Karl Hartwig Gregor von Meusebach (6 June 1781 – 22 August 1847) was a German lawyer and literary scholar born in Voigtstedt, Thuringia. He used the pseudonyms "Alban" and "Markus Hüpfinsholz" in his writings. He was father to politician John O. Meusebach (1812-1897).

He studied in Göttingen and Leipzig, and in 1803 was appointed chancery-accessor in Dillenburg. Up until 1842 he was president of the Rheinischen Kassationshofs (Rhineland Cassation).

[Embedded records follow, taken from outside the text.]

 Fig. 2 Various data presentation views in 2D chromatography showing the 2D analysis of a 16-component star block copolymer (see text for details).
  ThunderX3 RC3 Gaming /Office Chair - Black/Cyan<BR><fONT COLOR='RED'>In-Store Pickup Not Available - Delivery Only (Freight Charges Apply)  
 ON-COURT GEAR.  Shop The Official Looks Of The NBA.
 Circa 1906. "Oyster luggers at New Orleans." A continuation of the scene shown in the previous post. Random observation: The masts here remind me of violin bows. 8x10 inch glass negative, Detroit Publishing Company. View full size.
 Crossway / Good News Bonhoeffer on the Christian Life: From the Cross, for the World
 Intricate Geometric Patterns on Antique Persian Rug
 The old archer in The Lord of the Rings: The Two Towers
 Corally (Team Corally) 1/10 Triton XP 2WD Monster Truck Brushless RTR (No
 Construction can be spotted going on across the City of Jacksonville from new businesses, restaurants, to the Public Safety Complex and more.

Meusebach was an expert on German literature, and during his lifetime amassed a personal library of 36,000 volumes of 16th–17th century literature, German church music, folk songs, chapbooks, et al. After his death, his collection was purchased by the Staatsbibliothek zu Berlin (Royal Library in Berlin) for 14700 Taler with support from Friedrich Wilhelm IV.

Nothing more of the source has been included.